Thank you so much everyone. Such kindness and compassion. So much I would like to say to you all but it would be another epistle.
Just to say that I did go for help a few years ago, and I went a few times to the Doctor, but I don’t know that it did much. Hard to convey the truth to someone who doesn’t know much about it. I don’t think that it is quite as good in England as elsewhere. I am lucky to have a few people (apostates oddly enough) to lean on, but I am just worried about leaning on them too much. But they are really helping.
It is the problem of facing the world that is so hard at the moment (especially on your own). Can’t tell you how much fear. I am taking small steps to get out, but just come away feeling alien (early days).

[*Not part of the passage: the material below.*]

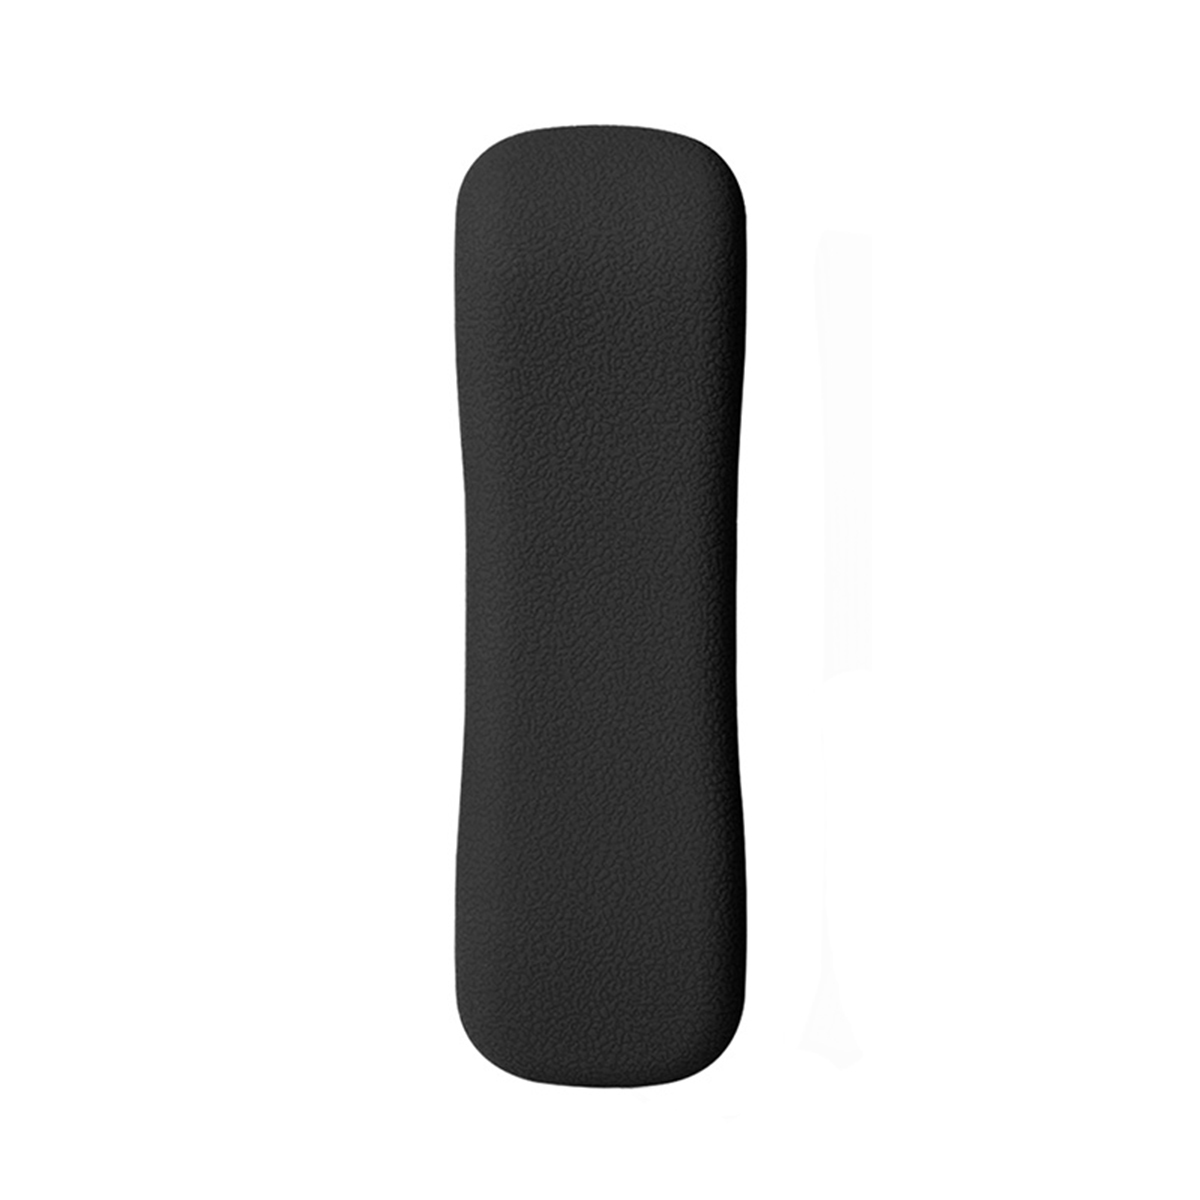 Find Black TV Remote Control Cover Skin For Amazon Alexa Voice Fire TV Remote Newest Second Generation for Sale on Gipsybee.com with cryptocurrencies

I’m trying some sport clubs right now.
But the hollow and void the "truth" (sorry, untruth) leaves is difficult as well at the moment. Such a sense of loss and empty. Just some practical help, any tip that has helped anyone would really be welcome.
One last thing, I don’t think that I am quite in the pit of depression just yet, but I know that it is not too far from here, and for me it is the wrong time of year. This has been the main reason for asking you all for help and advise, before I get to that point. I know that if I hit a down, then I will be too weak. And that is why I really need and appreciate your support right now.